DESCRIPTION OF THE TASK:
Your task is to transcribe all of the data below exactly, omitting the images.

DATA EXTRACT:
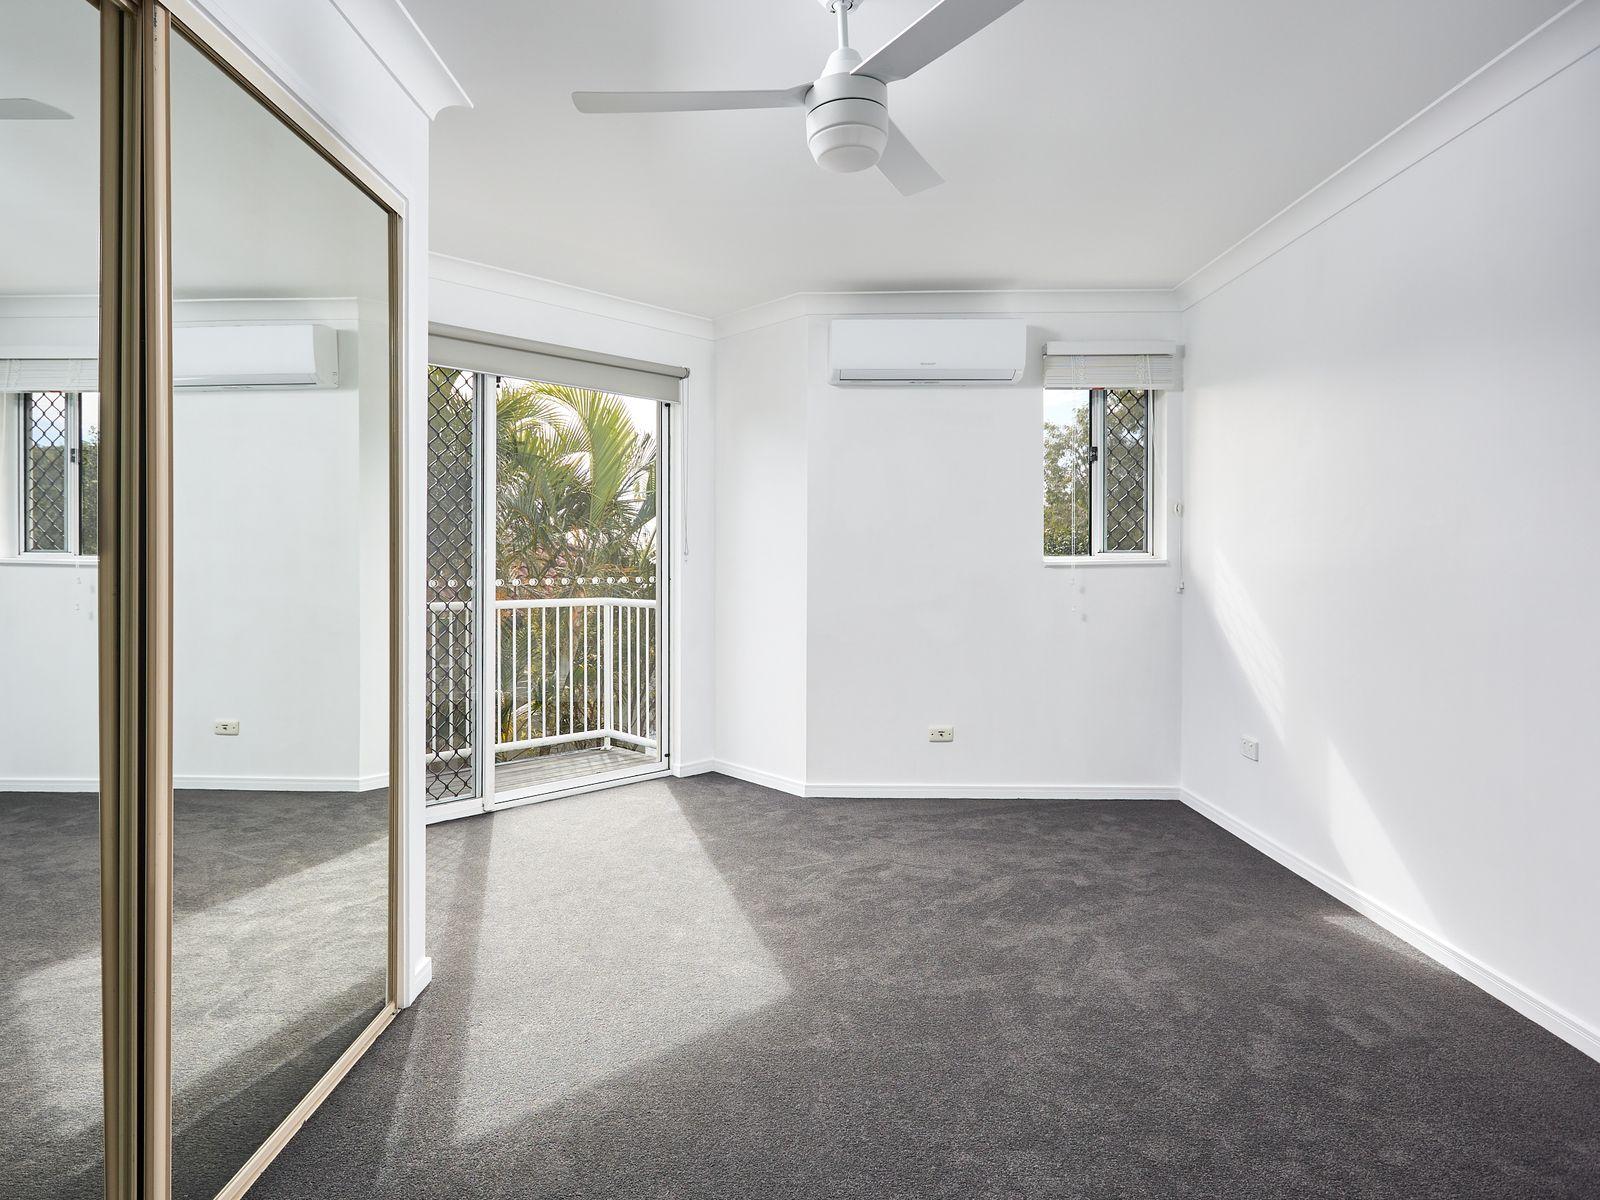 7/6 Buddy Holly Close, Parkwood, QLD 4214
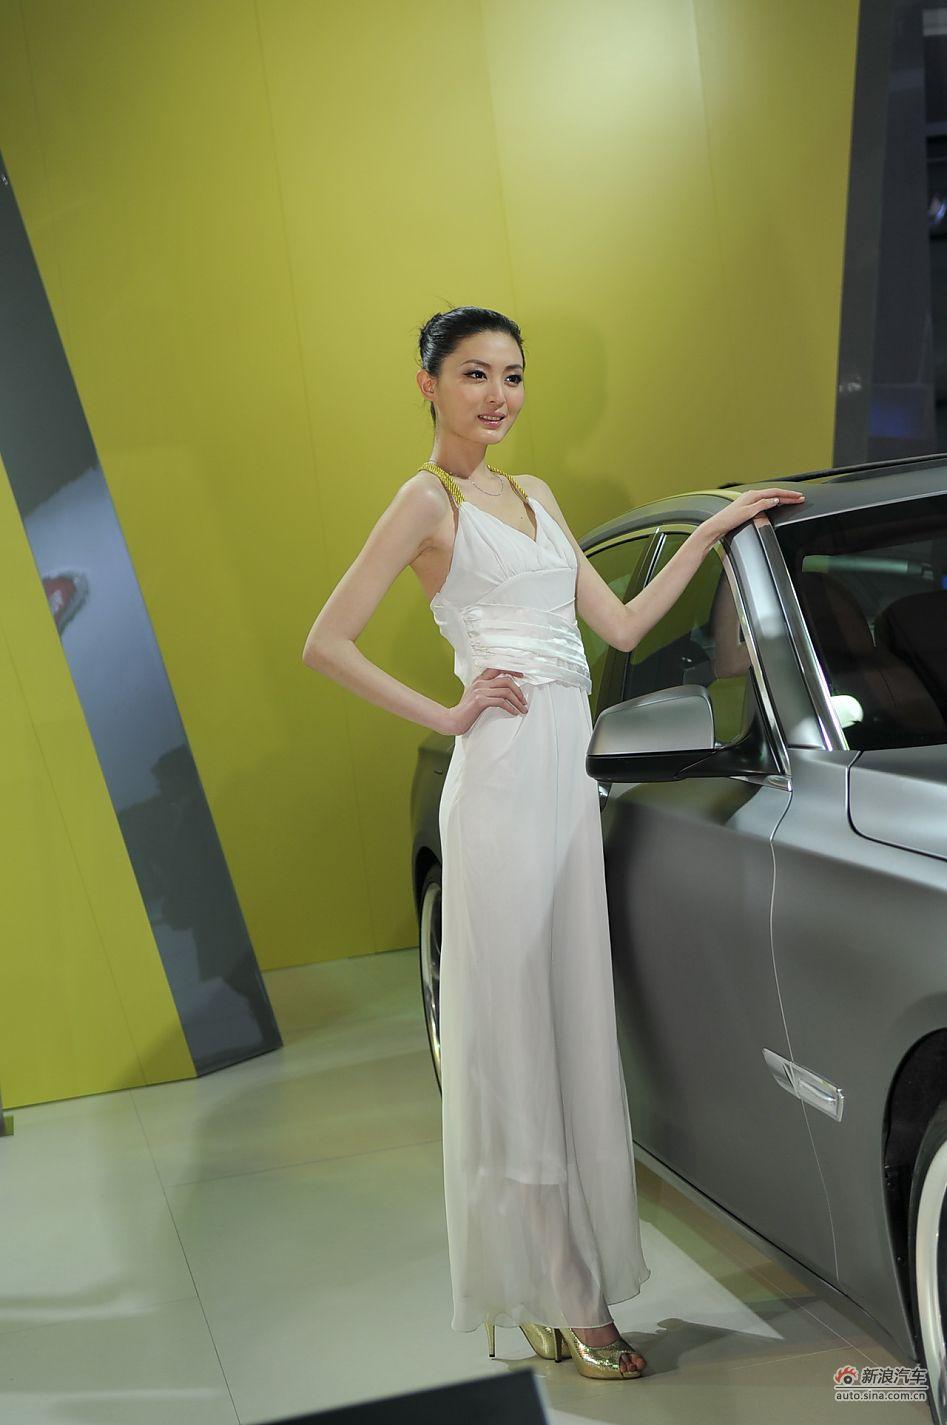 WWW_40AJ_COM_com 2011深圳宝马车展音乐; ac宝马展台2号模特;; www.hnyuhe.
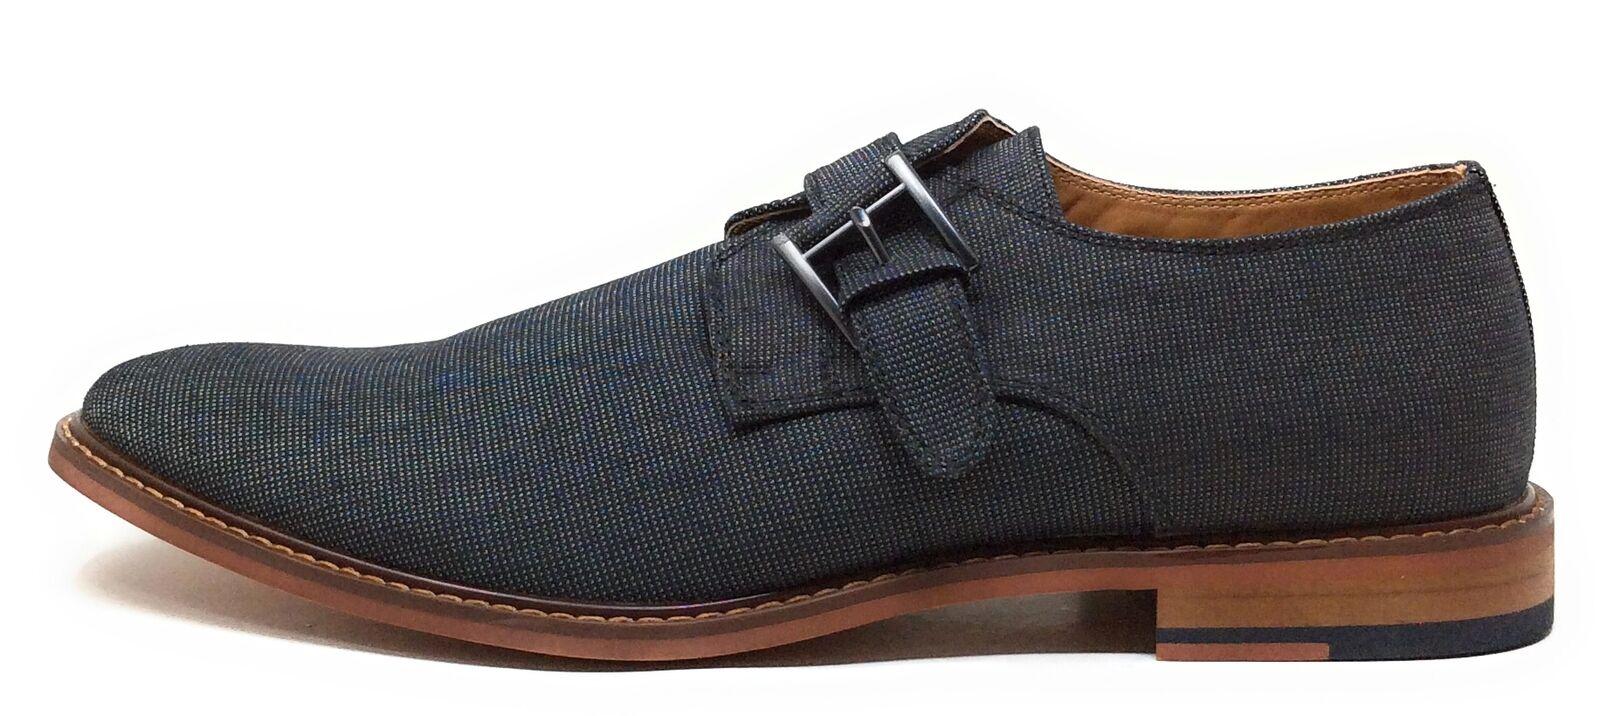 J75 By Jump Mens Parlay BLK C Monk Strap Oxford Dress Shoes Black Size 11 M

SOLUTION TO THE EXERCISE:
 7/6 Buddy Holly Close, Parkwood, QLD 4214
 WWW_40AJ_COM_com 2011深圳宝马车展音乐; ac宝马展台2号模特;; www.hnyuhe.
 J75 By Jump Mens Parlay BLK C Monk Strap Oxford Dress Shoes Black Size 11 M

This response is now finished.